The Defendant objects to the motion for summary judgment based upon a mistaken assumption that the Plaintiff's motion is based upon a "normal" application of issue preclusion principles.
The United States Supreme Court has concluded that a debt that is declared nondischargeable under § 523(a) should include the full amount associated with the conduct at issue, including any "debt arising from" or "debt on account of" that conduct. Cohen v. de la Cruz, 523 U.S. 213, 220-21 (1998). Though the facts in Cohen specifically addressed a liability rendered nondischargeable under the actual fraud prong of § 523(a)(2)(A), its rationale to prevent a discharge of all liability arising from circumstances that render a debt nondischargeable under § 523(a) is applicable in this case. Thus, the exemplary damages award is rendered nondischargeable because such fraud constitutes a proper basis under Texas law for the recovery of exemplary damages, 2B TEX. CIV. PRAC. & REM. CODE ANN. § 41.003(a)(1) (Vernon 2015); Goldstein v. Mortenson, 113 S.W.3d 769, 782 (Tex. App.—Austin 2003, no pet.), Tex. Capital Sec., Inc. v. Sandefer, 58 S.W.3d 760, 774 (Tex. App.—Houston [1st Dist.] 2001, pet. denied) and § 523(a)(19) specifically renders nondischargeable a "debt . . . that is for . . . common law fraud, deceit, or manipulation in connection with the purchase or sale of any security. 11 U.S.C. § 523(a)(19)(A)(ii). It also encompasses the attorneys' fees awarded to the Plaintiff under the statutory authority provided by TEX. REV. CIV. STAT. ANN. art. 581-33D(7) (Vernon 2010); Keeton v. Flanagan (In re Flanagan), 2014 WL 764371, at *10 (B.A.P. 9th Cir. Feb. 26, 2014), aff'd, 642 F. App'x. 784 (9th Cir. 2016). Thus, in light of the jurisprudence that § 523(a) should be properly construed to bar the discharge of all liability arising from the categories of misconduct that render a debt nondischargeable, thereby insuring "that the creditors' interest in recovering full payment of debts in these categories outweigh[s] the debtors' interest in a complete fresh start," Cohen, 523 U.S. at 222, the Court concludes that the damages awarded to the Plaintiff in the State Court Judgment for exemplary damages and attorneys' fees based upon the Defendant's misconduct must also be rendered nondischargeable under § 523(a)(19).

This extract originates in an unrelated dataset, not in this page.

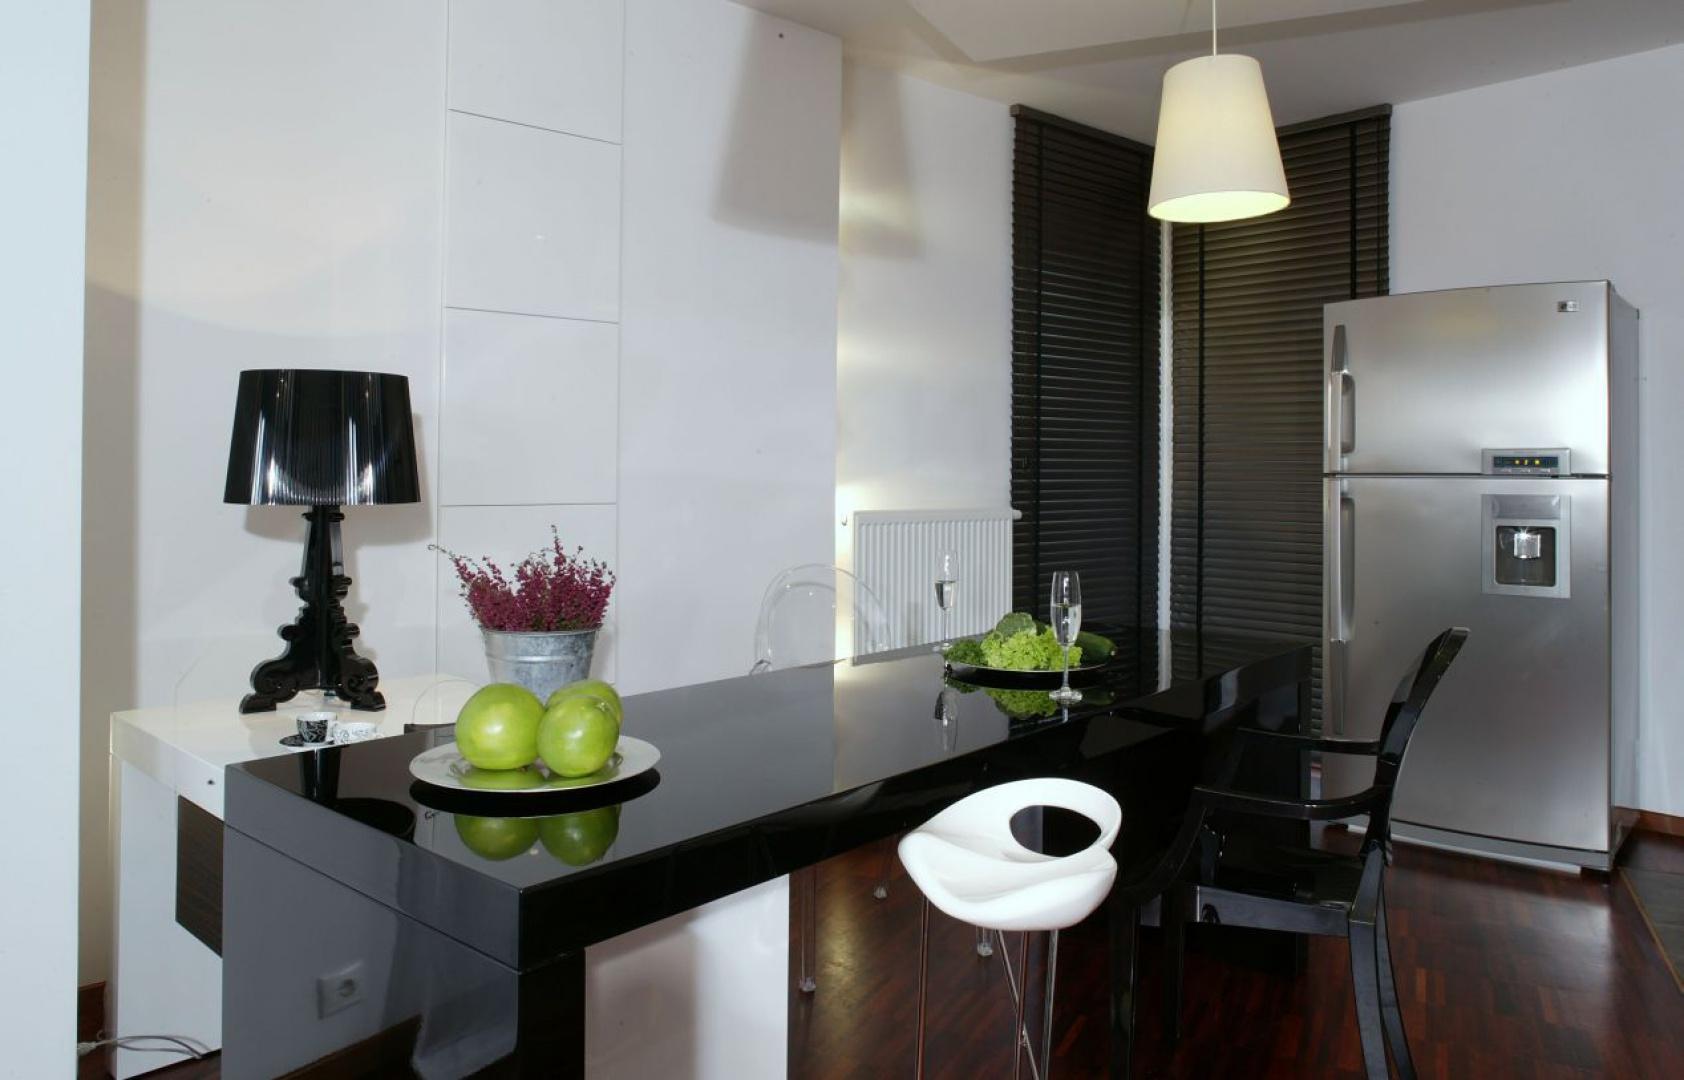 Czarno-biały stół jadalniany, wykonany na zamówienie z płyty MDF na wysoki połysk, ma bardzo ciekawą konstrukcję. Jego biała część jest mobilna – w zależności od potrzeb można ją przesunąć w dowolne miejsce. Fot. Monika Filipiuk.

Accordingly, upon due consideration of the pleadings, the proper summary judgment evidence submitted by the Plaintiff, the relevant legal authorities and for the reasons set forth herein, the Court concludes that there is no genuine issue as to any material fact germane to a determination of dischargeability and that the Plaintiff, Lillian Kostak Kokas, is entitled to summary judgment that the debt owed to her by the Debtor-Defendant, William A. Osborne, arising from the State Court Judgment is non-dischargeable under the provisions of 11 U.S.C. § 523(a)(19). An appropriate order will be entered which is consistent with this opinion.